Zee-egels behoren tot de familie van de stekelhuidigen, een groep waartoe ook zeesterren en zeekomkommers behoren. Ze worden gekenmerkt door hun harde, bolvormige pantser bedekt met scherpe stekels. Deze stekels dienen als bescherming tegen roofdieren. Sommige soorten hebben giftige stekels. Zee-egels zijn er in verschillende kleuren, variërend van zwart en bruin tot rood en paars.
Zee-egels leven voornamelijk op de bodem van de zee, in zowel warme als koude wateren over de hele wereld. Ze zijn vooral te vinden in ondiepe kustgebieden waar ze zich voeden met algen en organisch materiaal dat ze van rotsen afschrapen met hun speciale mondgedeelte, dat bekend staat als de 'Lantaarn van Aristoteles'. Dit unieke orgaan bestaat uit vijf kaken die samenwerken om hun voedsel te kunnen malen.

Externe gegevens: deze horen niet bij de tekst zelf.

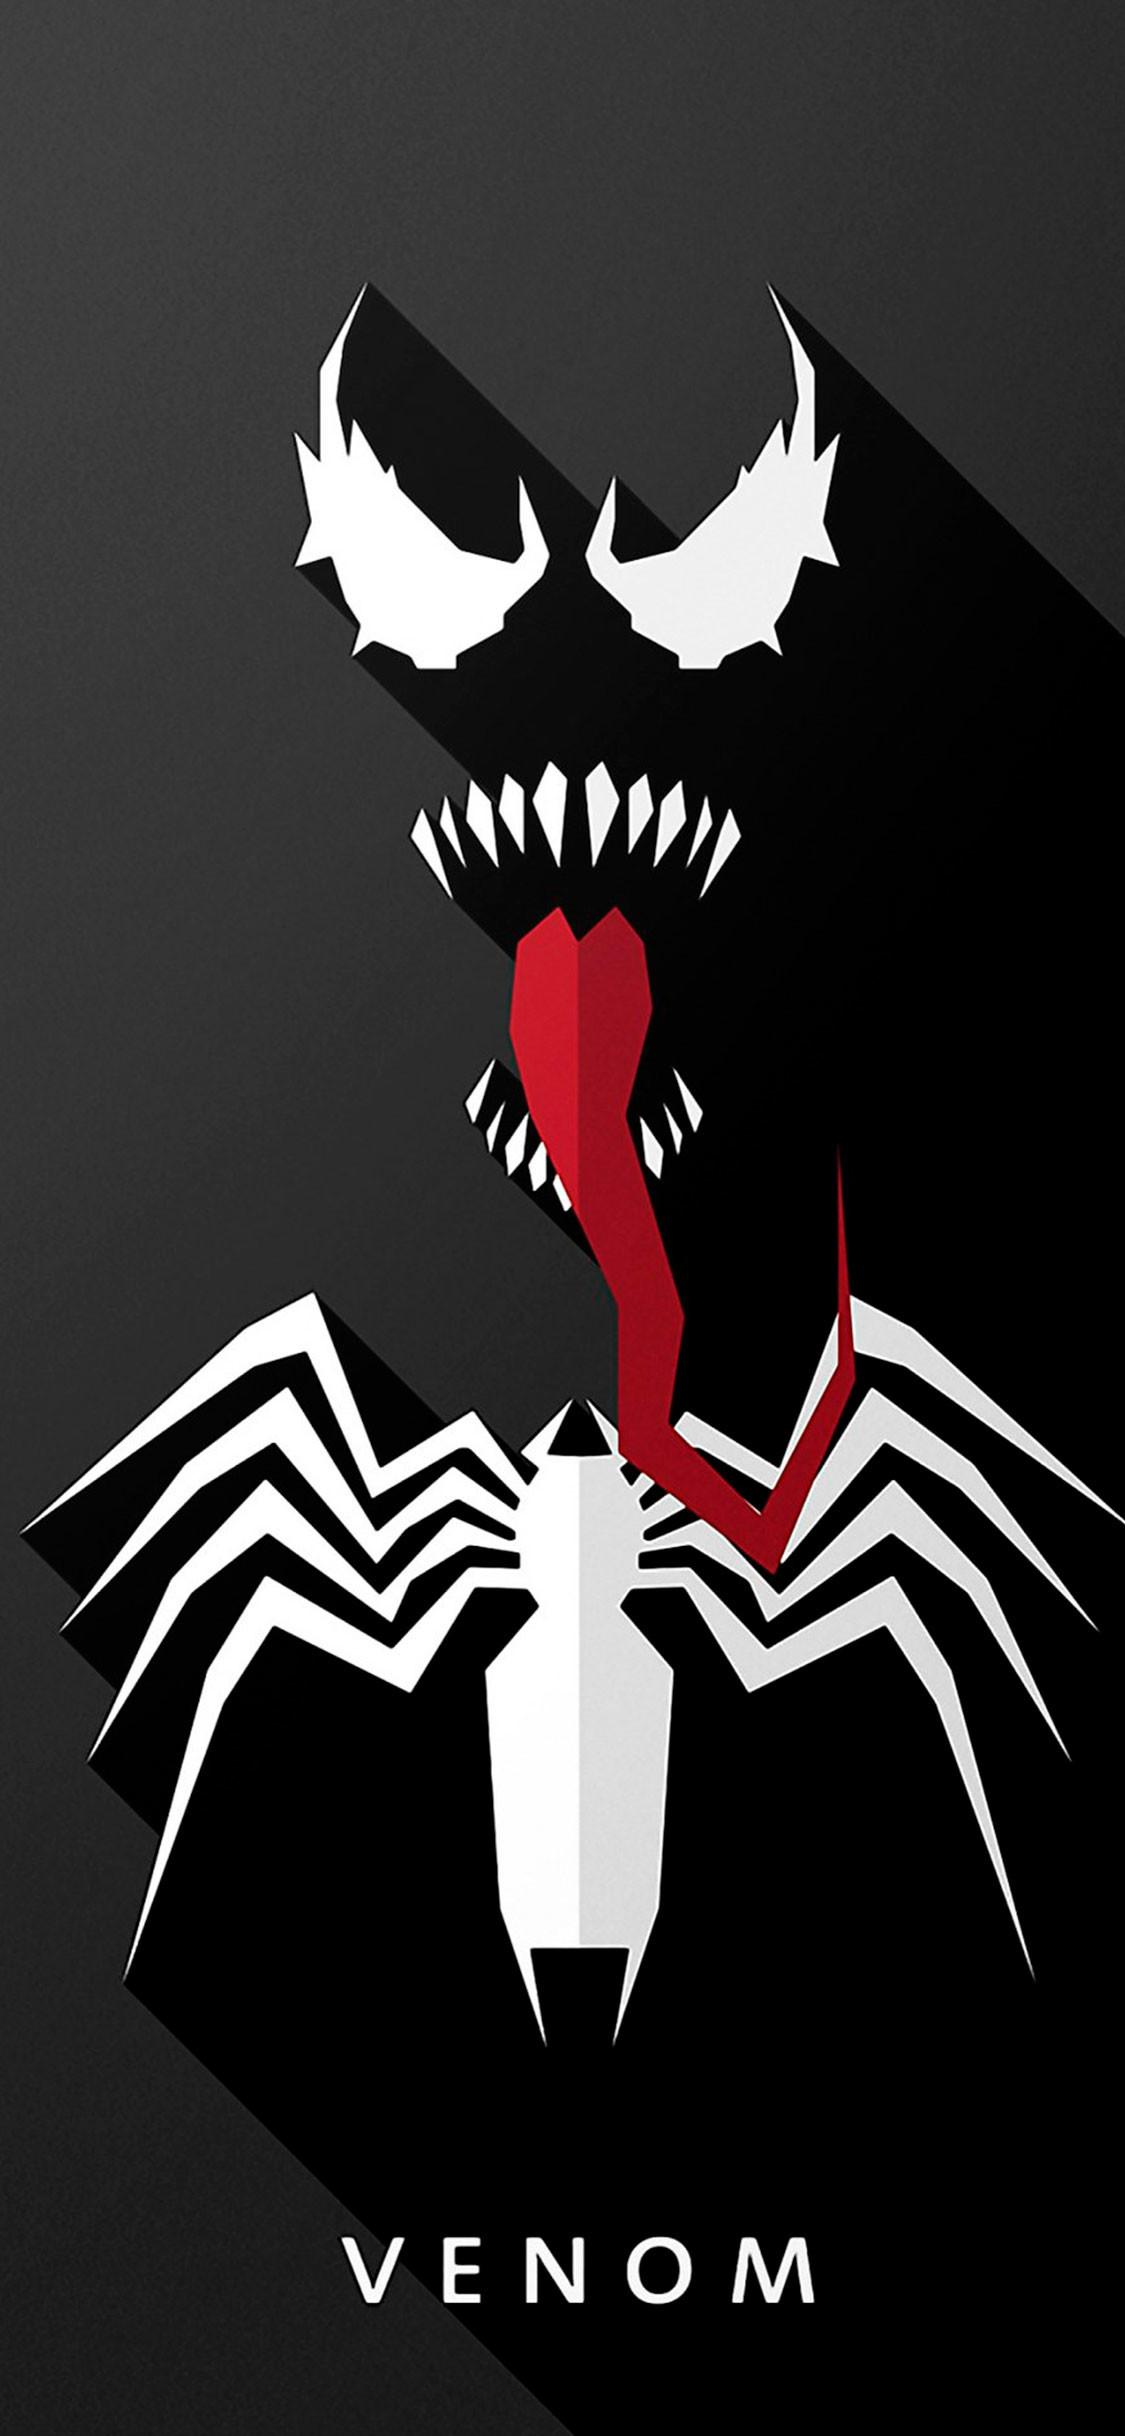 Venom 4k Iphone Wallpapers Wallpaper Cave

Ondanks hun langzame bewegingssnelheid hebben zee-egels wel degelijk zintuigen. Ze hebben lichtgevoelige cellen verspreid over hun lichaam waarmee ze licht van donker kunnen onderscheiden. Daarnaast kunnen ze chemische veranderingen in het water detecteren, wat hen helpt bij het vinden van voedsel.
Wat betreft voortplanting zijn zee-egels fascinerend omdat ze niet direct voor hun nageslacht zorgen. Vrouwtjes laten eitjes los in het water die vervolgens door mannetjes worden bevrucht. De daaruit resulterende larven zweven vrij rond in het water totdat ze zich uiteindelijk op de zeebodem vestigen en uitgroeien tot volwassen zee-egels.
Hoewel zee-egels voor mensen over het algemeen ongevaarlijk zijn, kunnen de stekels pijnlijke verwondingen veroorzaken als men erop trapt of deze aanraakt. Sommige soorten een delicatesse in verschillende culturen en wordt hun vlees (meestal de gonaden) gegeten in gerechten zoals sushi.